AT&T recently removed the Bellsouth logo from the (very prominent) Bellsouth building here in Atlanta and replaced it with the small, nondescript, and lame AT&T logo. It was, for some reason, really jarring to me - I saw it while creeping through town in traffic, and grabbed my phone to call a friend and say "holy crap, they took down the Bellsouth logo!"

The whole switchover to AT&T does seem pretty silly - the general reaction seems to be "AT&T? I didn't know they were still around..."

JRjr

I actually prefer that AT&T name; "Cingular" annoys me in the way trademarkable misspellings do.

AT&T took over Bell South?

Isn't this the exact reverse of the Ma Bell deconstruction? Is this legal?

Hysan:

Cingular was quite possibly THE worst wireless company I'd ever dealt with. Not long after I dropped them, they were gobbled up by AT & T. Coincidence?

mdwaire:

can any one say monopoly? I can in my area they offer phone, internet, cable, and wireless. Their older logo did make more sense when I think at&t I do think old. and did you het your grass under control?

Craig:

AT&T took over Bell South?

That's how this whole Cingular mess got started. Cingular was owned fifty-fifty by BellSouth and SBC. Not to long after Cingular bought AT&T Wireless, SBC happened to buy AT&T proper - keeping the AT&T name, as no brand in the world was loathed as much as SBC. AT&T then went out and bought BellSouth, getting all of Cingular in the process, and thus starting the rebranding that seems incredibly stupid to pretty much the entire American public.
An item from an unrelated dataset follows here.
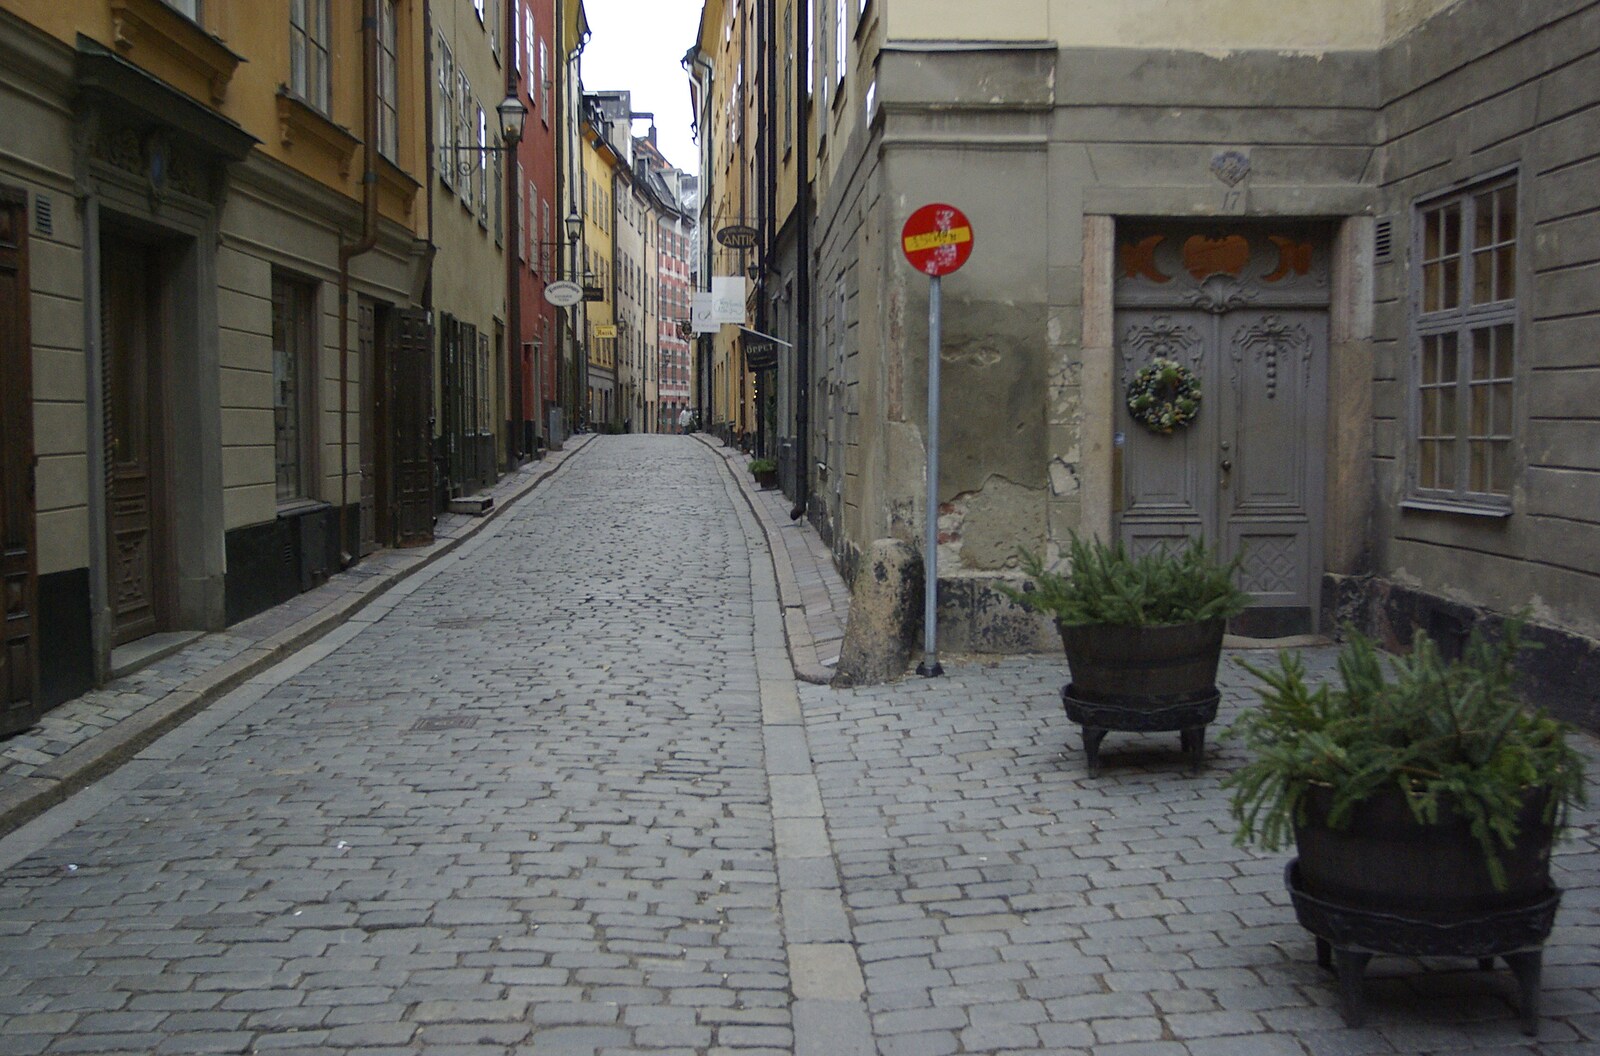 Nicely cobbled lane from Gamla Stan, Stockholm, Sweden - 15th December 2007

All the Bells are now either AT&T, Verizon, or Qwest, with the exception, oddly enough, of Cincinnati Bell.

Craig-- that's amazing. I mean, you just can't make this stuff up. SBC bought AT&T?! SBC?!? That crappy ambulanec-chasing sleaze phone carrier is now AT&T?

So I'm not the only one who thinks the re-branding of Cingular is a huge, costly error? Other than the iPhone, which I am not getting anyway, there's no compelling reason to stay with Cing-- er, AT&T. The price fixing in the business is so blatant, it really doesn't matter what carrier you use: pricng is all witin a few dollars of one another.

Thad:

If you think THAT'S bad branding, you should take a look at the 2012 Olympics logo controversy. London paid the equivalent of 800 grand for something that looks like a pink swastika.

Priest...put it in old white men terms...you know...Republicans....they want things how they used to be, so out goes the Cingular name, in comes the at&t.

Except they made it lowercase. Y'know, to "hep" it up.